* **Raw data**
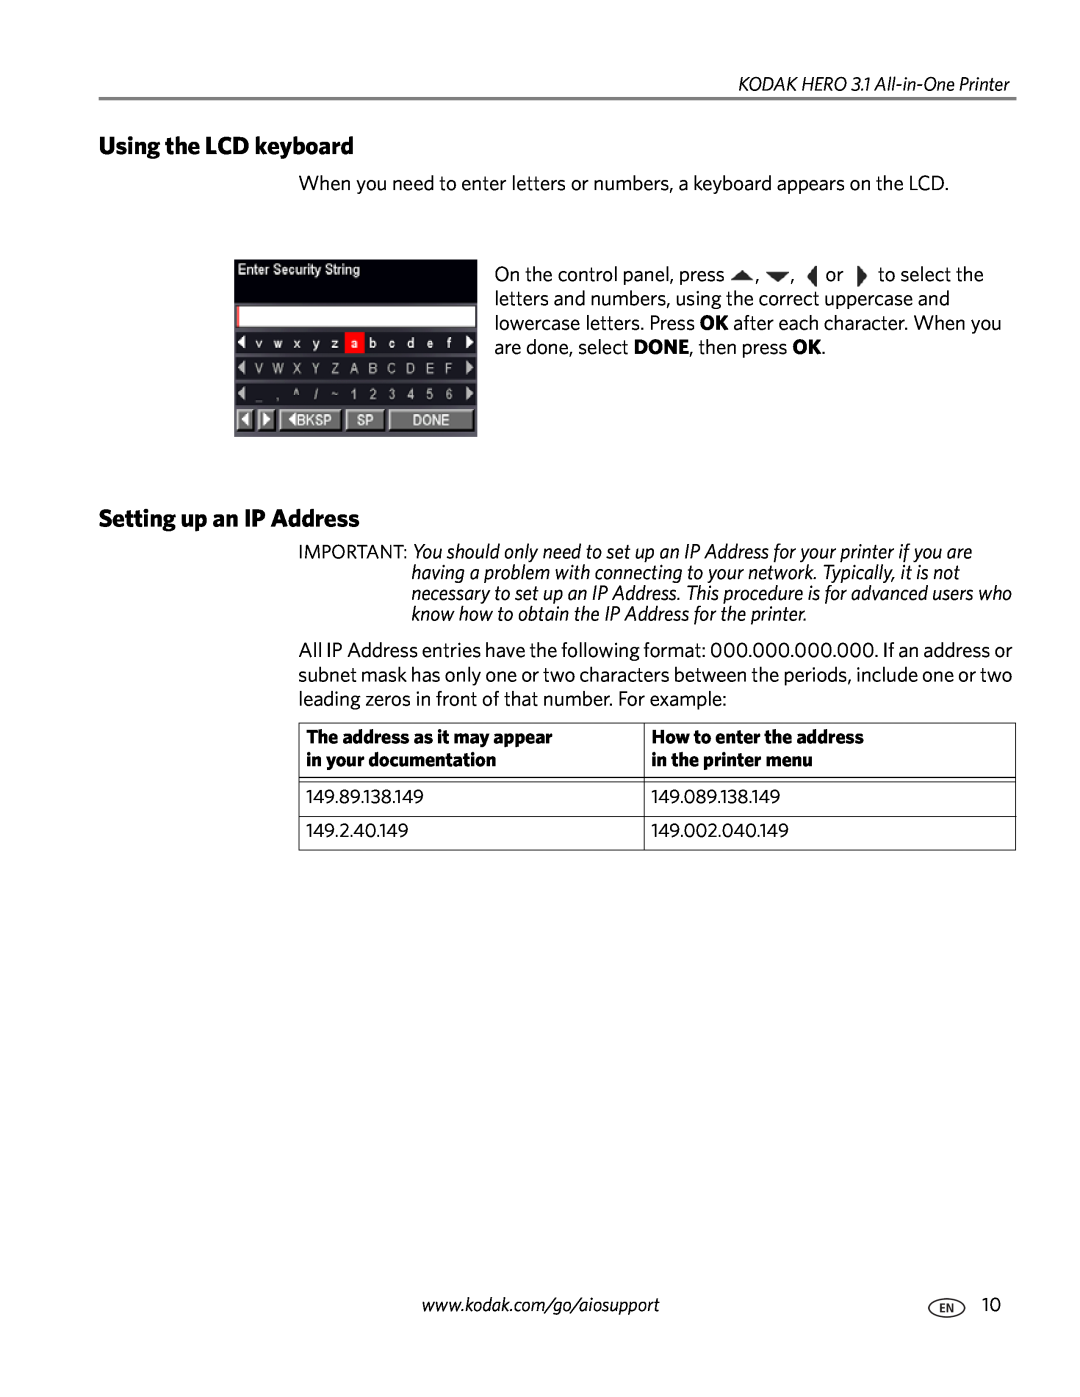 Kodak 3.1 manual Using the LCD keyboard, Setting up an IP Address, The address as it may appear in your documentation 
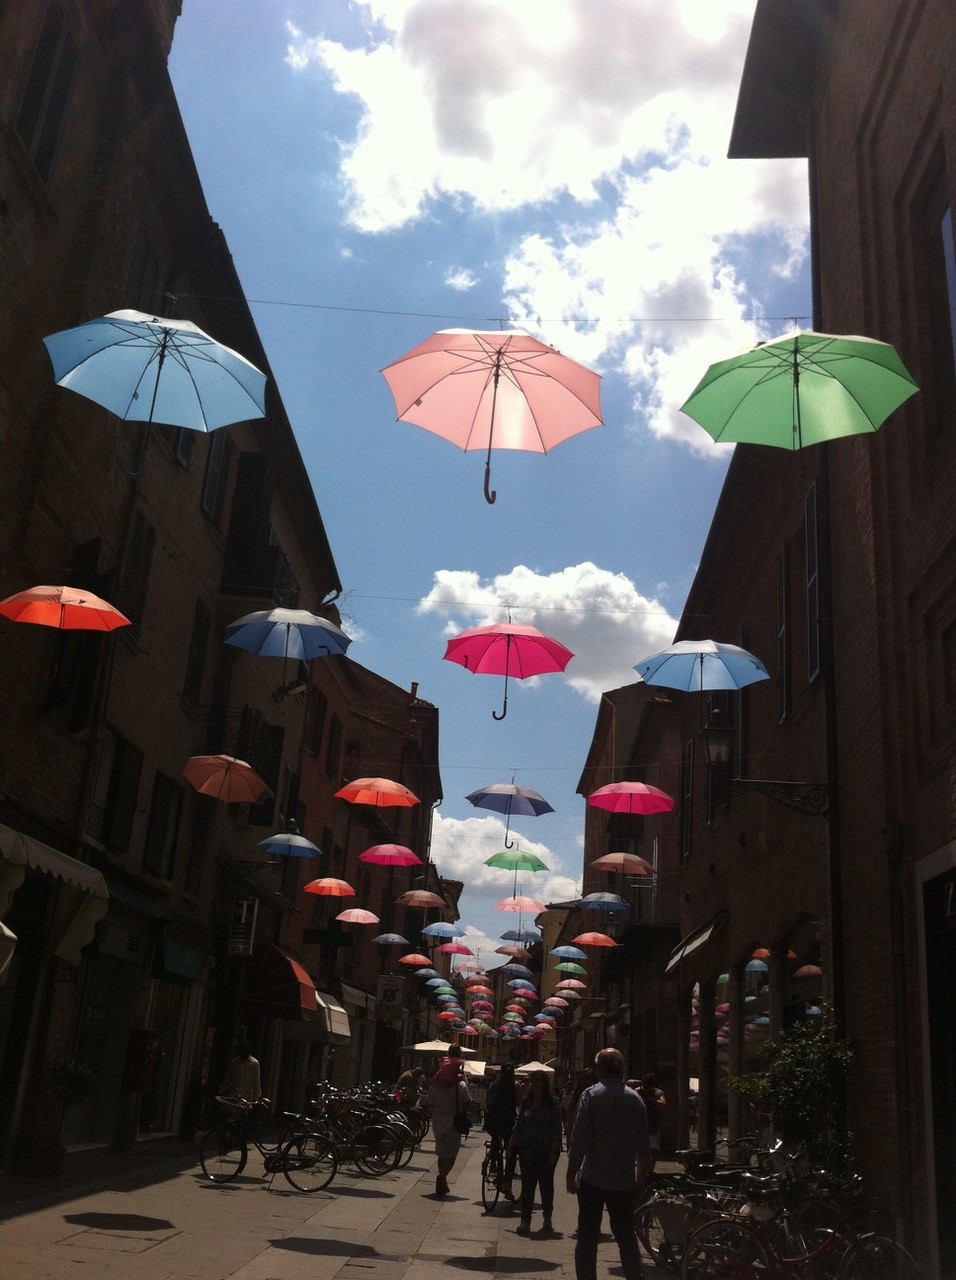 Umbrellas in the sky in an alley in Italy
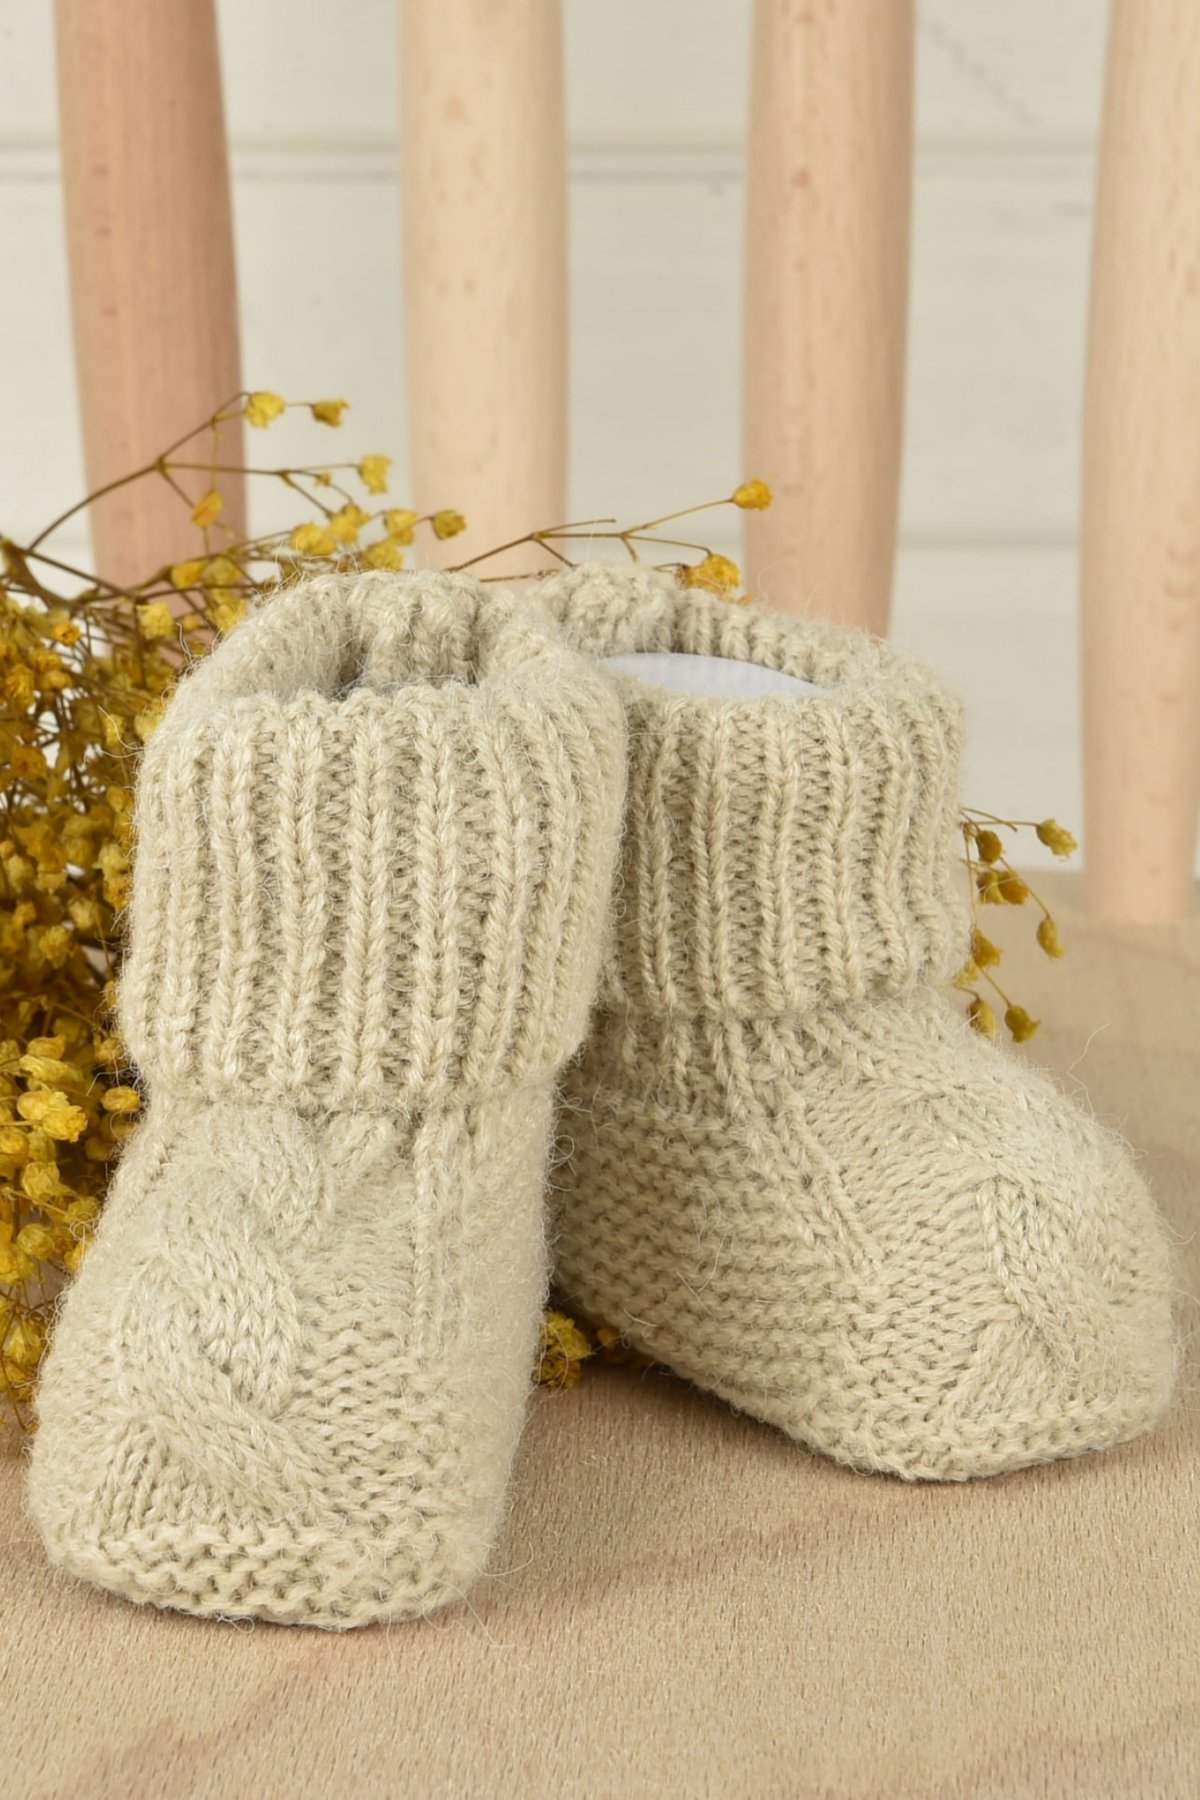 Baby Booties-Beige/Bej  3-9 Month   %Soft Acrlyc

* **Task description**
All of the lines above must be repeated without alteration, though the pictures are to be excluded.

* **Result of the task**
 Kodak 3.1 manual Using the LCD keyboard, Setting up an IP Address, The address as it may appear in your documentation 
 Umbrellas in the sky in an alley in Italy
 Baby Booties-Beige/Bej  3-9 Month   %Soft Acrlyc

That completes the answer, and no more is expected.